■ REQUIRED ACTION ■
Begin at the line containing "Butterflied mackerel with" in the records below, end at the line containing "NIK Swooh Logo", and retype each line in that span exactly. No other line and no image should appear.

■ DATASET RECORDS ■
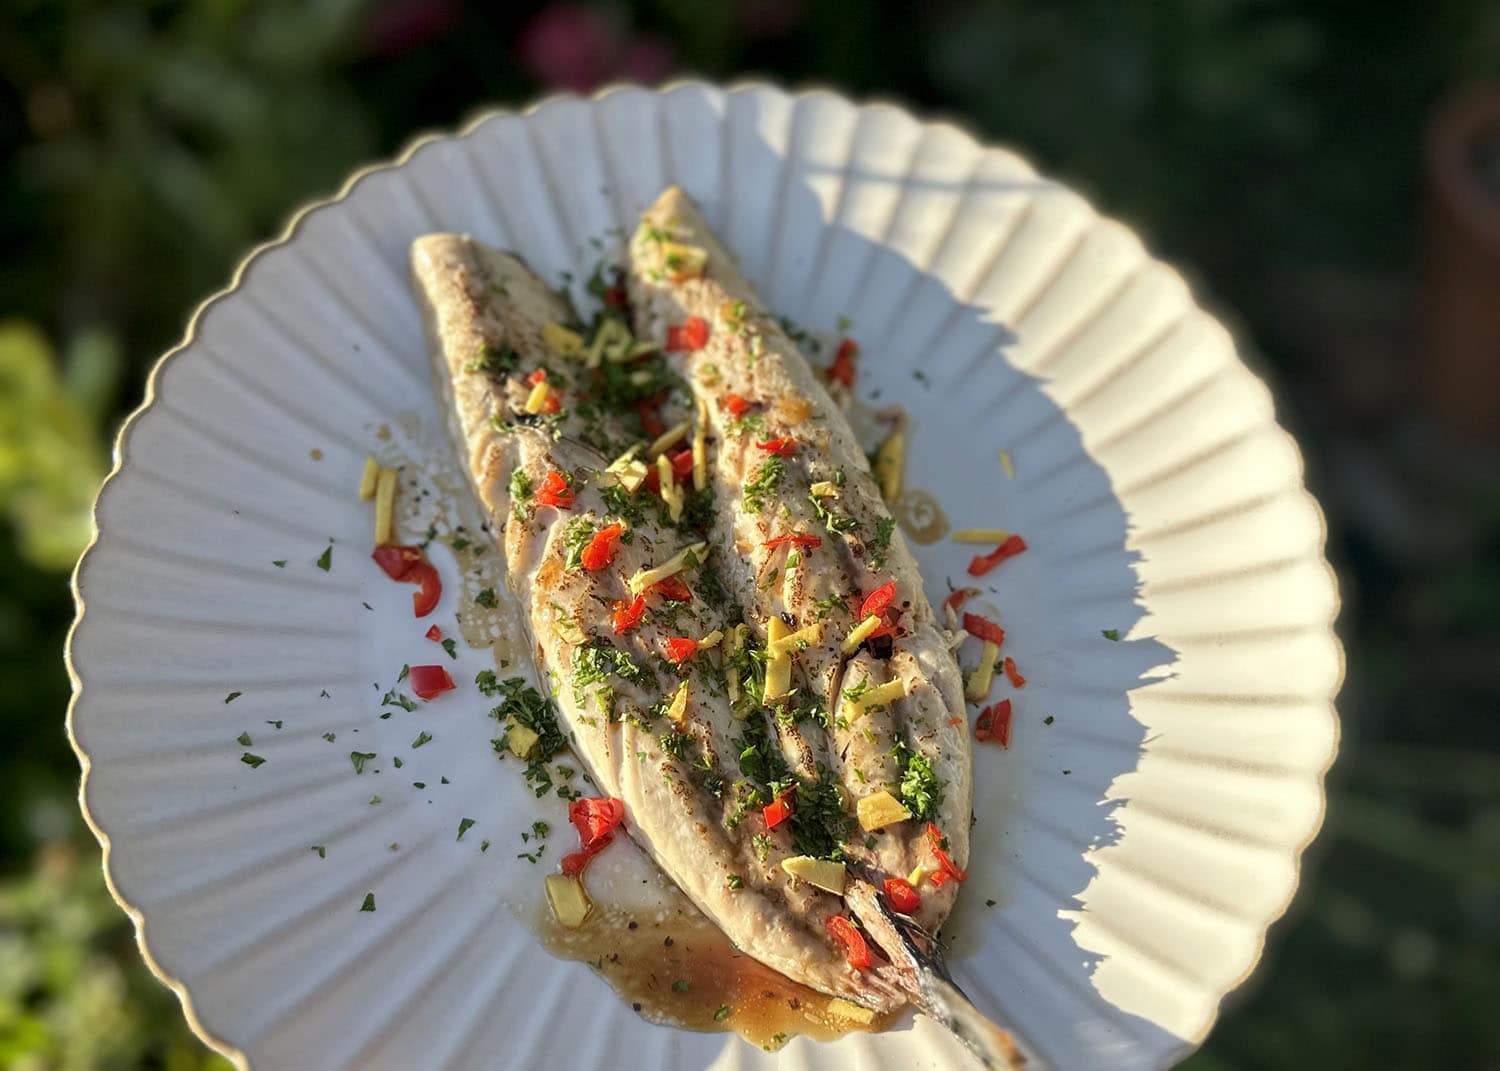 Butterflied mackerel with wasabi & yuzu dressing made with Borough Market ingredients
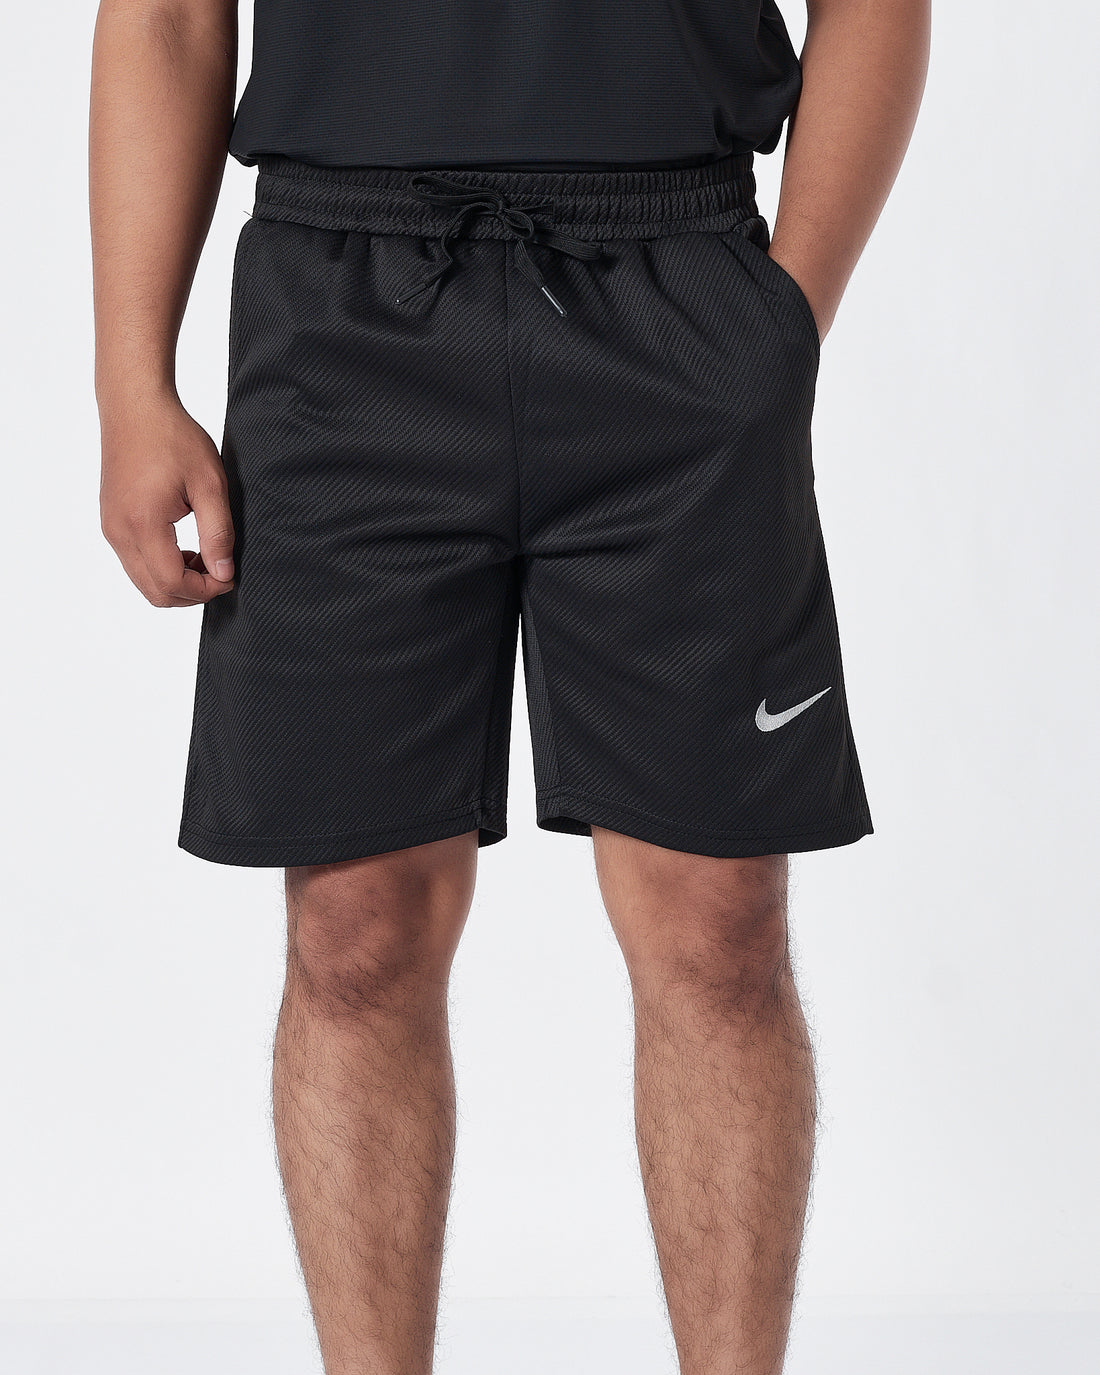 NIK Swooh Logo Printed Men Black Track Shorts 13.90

--

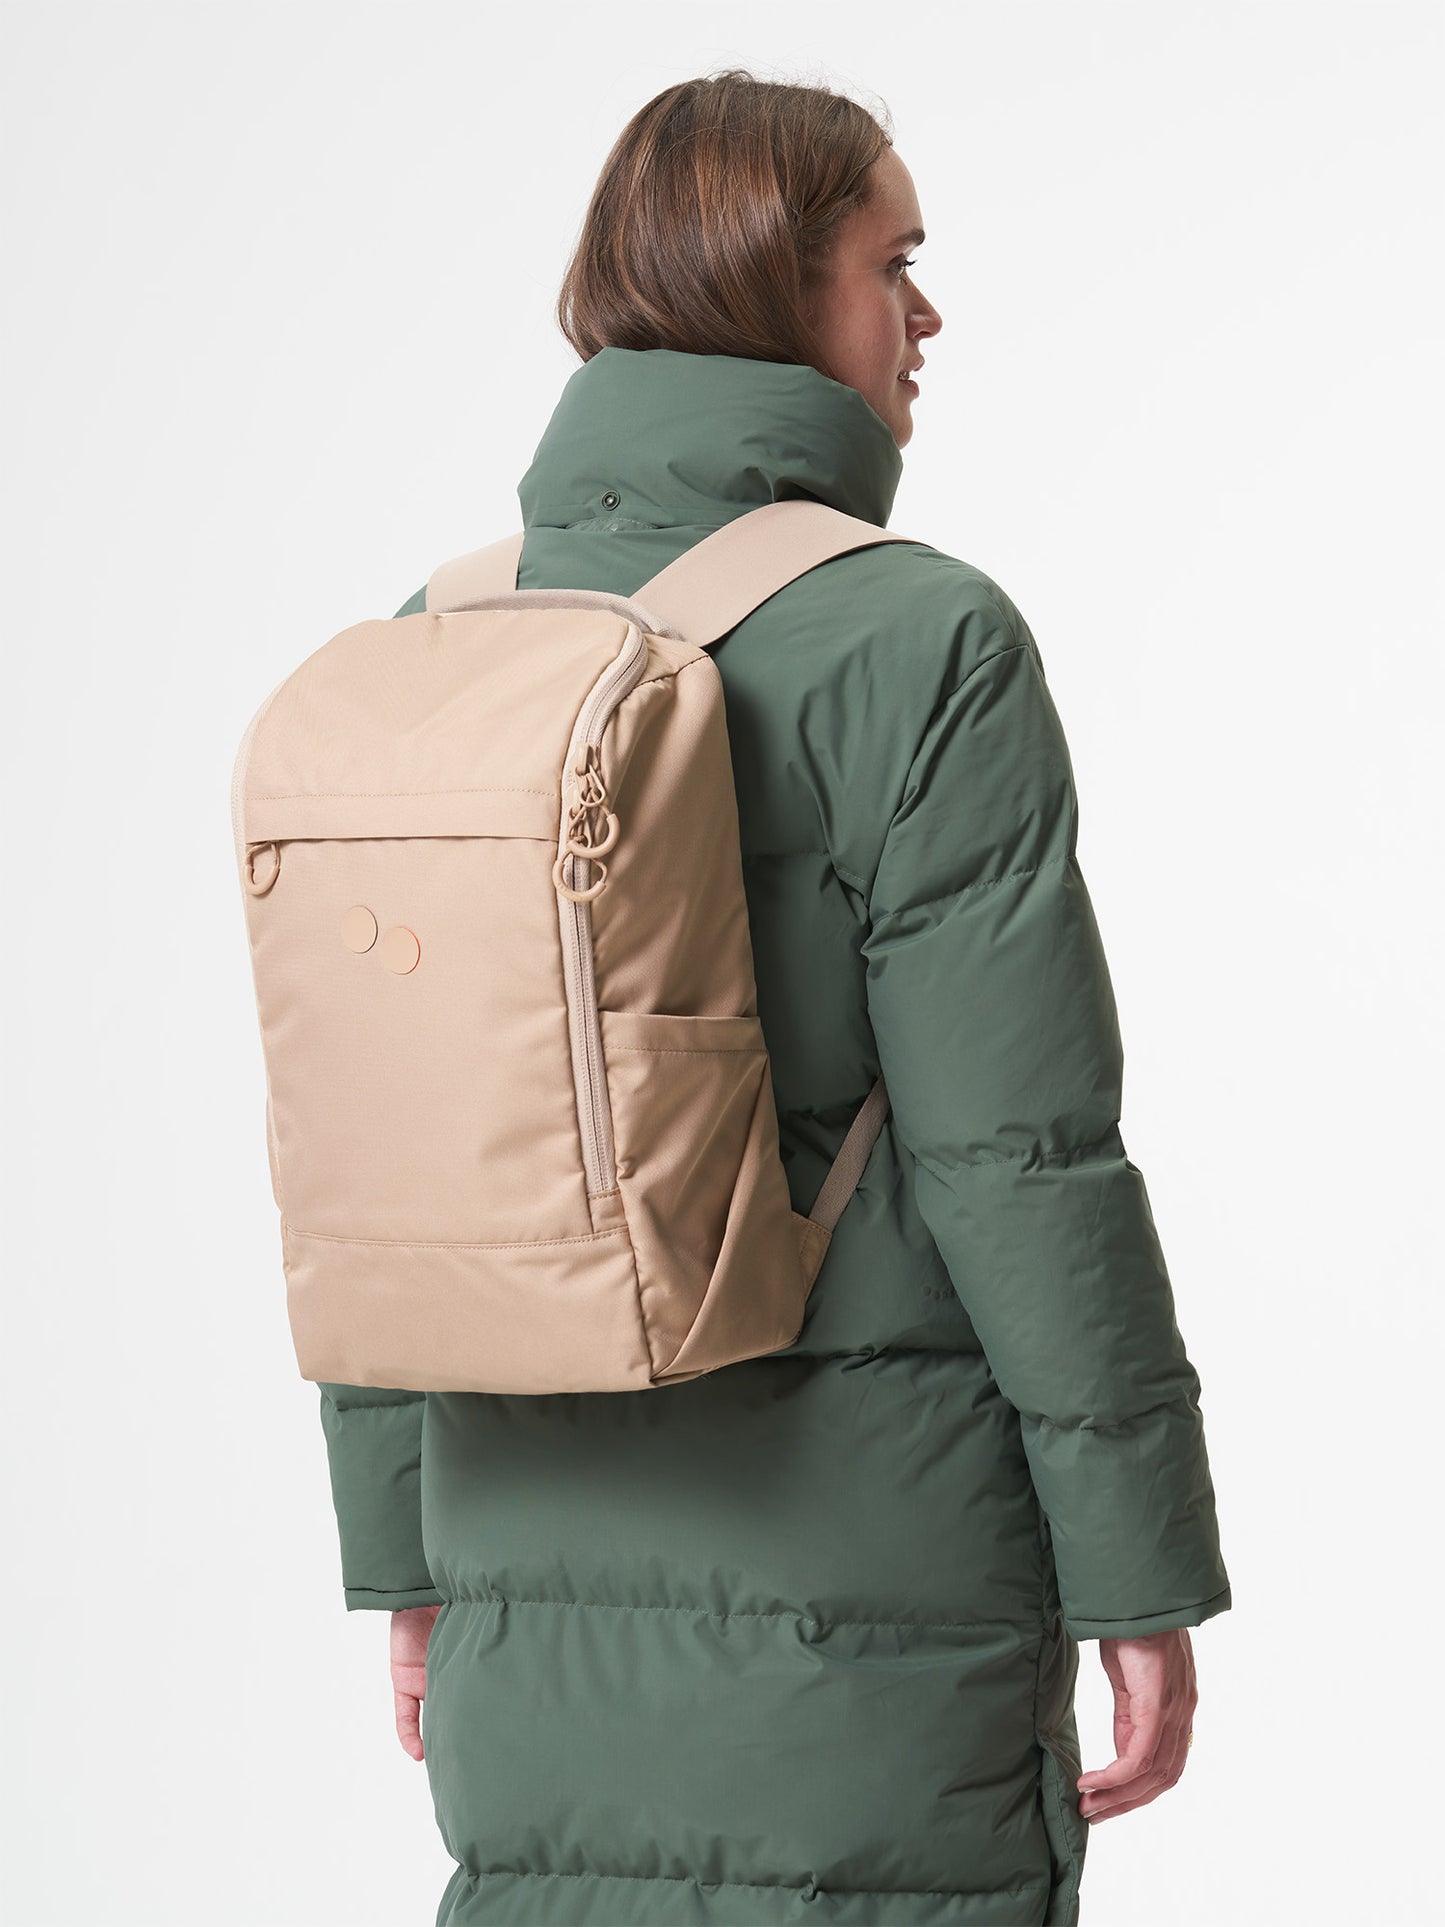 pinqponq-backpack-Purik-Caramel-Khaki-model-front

==

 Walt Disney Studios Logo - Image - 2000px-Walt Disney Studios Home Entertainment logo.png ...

■ EXERCISE OUTPUT ■
 Butterflied mackerel with wasabi & yuzu dressing made with Borough Market ingredients
 NIK Swooh Logo Printed Men Black Track Shorts 13.90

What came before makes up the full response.